Citizenship & Commitment.

“The Raven” is one of the most famous poems by American author Edgar Allan Poe, but its also one of his darkest, and for a good reason.
The values we were set to compare with this story were citizenship and commitment, and I genuinely feel like citizenship doesn't have anything to do with this poem, mainly because the topics that are chosen for this poem don't have anything to do with citizenship or what citizenship stands for, and also because we don’t really know the place where the speaker lives, and we also don’t know what or how strong are his feelings for the place he lives in, or if he’s ever been interested in the health and progress of town, or city, or country, the information is just plainly not available for our discussion or even present enough so that we can deduct it, and even if we only had even the name of the place in which the speaker lived, the poem presents us with far more important and relevant topics that would probably overshadow everything we could say about how the speaker feels about the place where he lives.
Commitment is a different story, because commitment is one of the values that are needed for a person to have a good relationship with another person, and in this story we see that the speaker held a very dear relationship with his lover, Lenore, who sadly has passed away, and obviously left the speaker with a clear toll on his emotions and probably his mental health too.  So, from this we can infer that in the relationship that the speaker and Lenore had, there was probably some commitment, even from one of the sides, or even both; we could support this argument in the fact that since Lenore had a really big impact on the speaker’s life, they must have had a relationship that included some sort of form of commitment, and even if it did not, the speaker still feels some sense of this value even after Lenore’s passing, because she affected his life in such a deep and meaningful way that the speaker still thinks about her, talks about her, worries about her, and still looks toward meeting her again some day.

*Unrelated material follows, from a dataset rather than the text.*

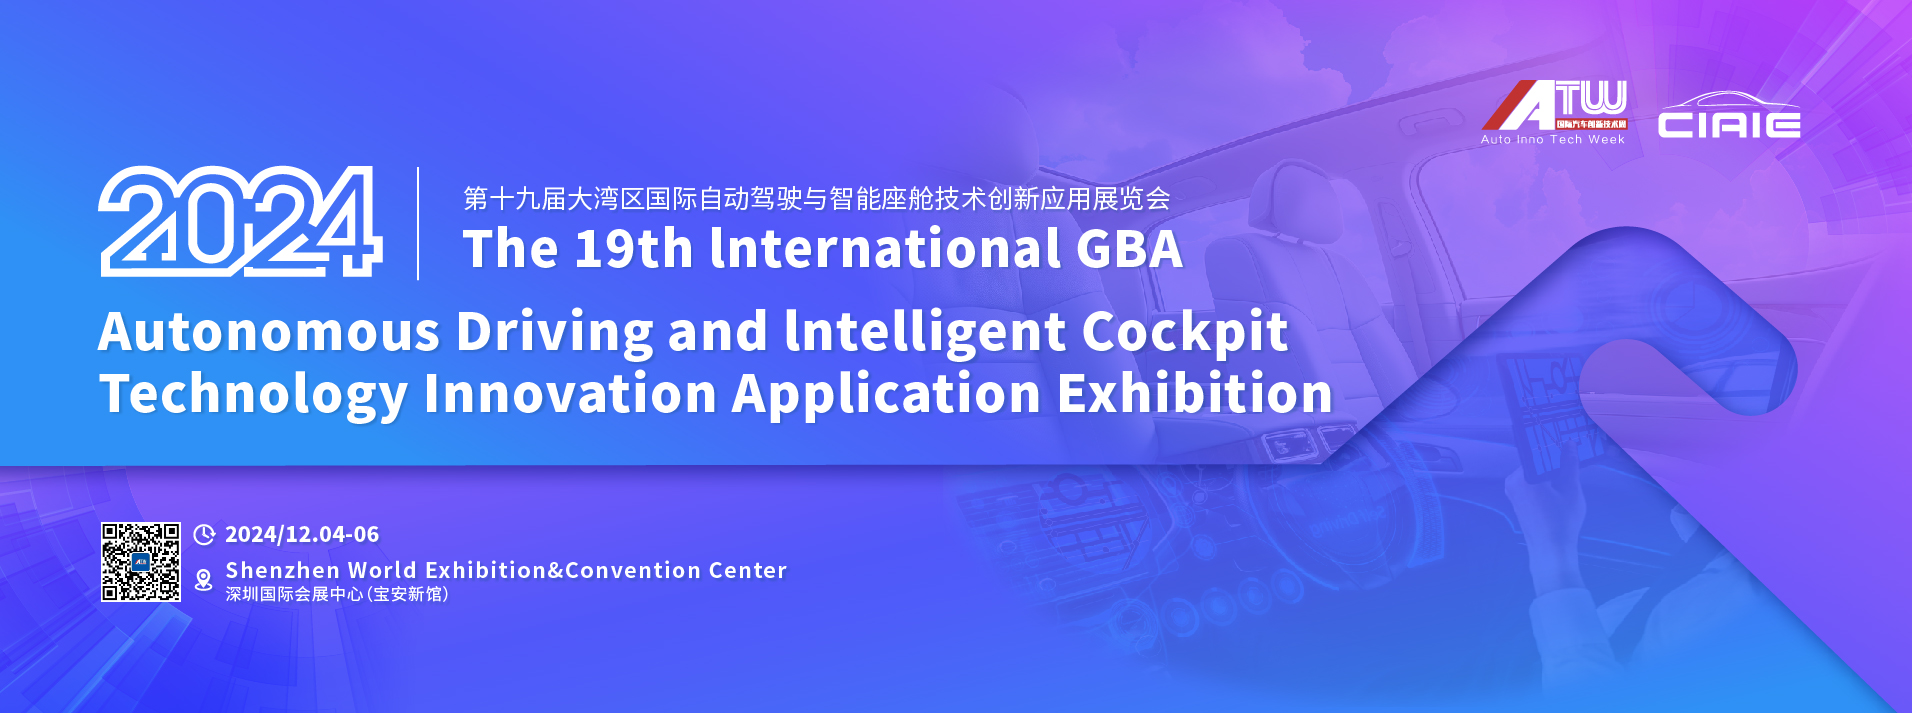 2024 The 19th International GBA Autonomous Driving and Intelligent Cockpit Technology Innovation Application Exhibition

We could also try to compare this value to other events on this story, like how the raven “committed” itself to the speaker, and how he would not leave his side, or his chamber; at least that is what the speaker believes of the raven, since he believes the raven responded that it shall not leave, even when the speaker demands the bird to exit his house, after the speaker got incredibly mad at the bird.

Talking more about this two values (specially citizenship) and how I found them in the poem would probably be forcing them too much on a poem that just doesn’t display this kind of characteristics that much, but rather decides to take on the topics of obsession and guilt, and death (ones which are displayed in a great manner in the poem, by the way) and many other things that stray very far away from what the two values presented mean, citizenship more than commitment, though.


In my opinion a different set of values would have provided me with more material to make a deeper and more meaningful connection with the poem, who itself has a  very closed group of topics but from whom we can infer many other values discovered upon reflection, yet the value of commitment gave an opportunity to explore beyond to the relationship that the speaker might have held with Lenore, a relationship that was incredibly crucial to this poem.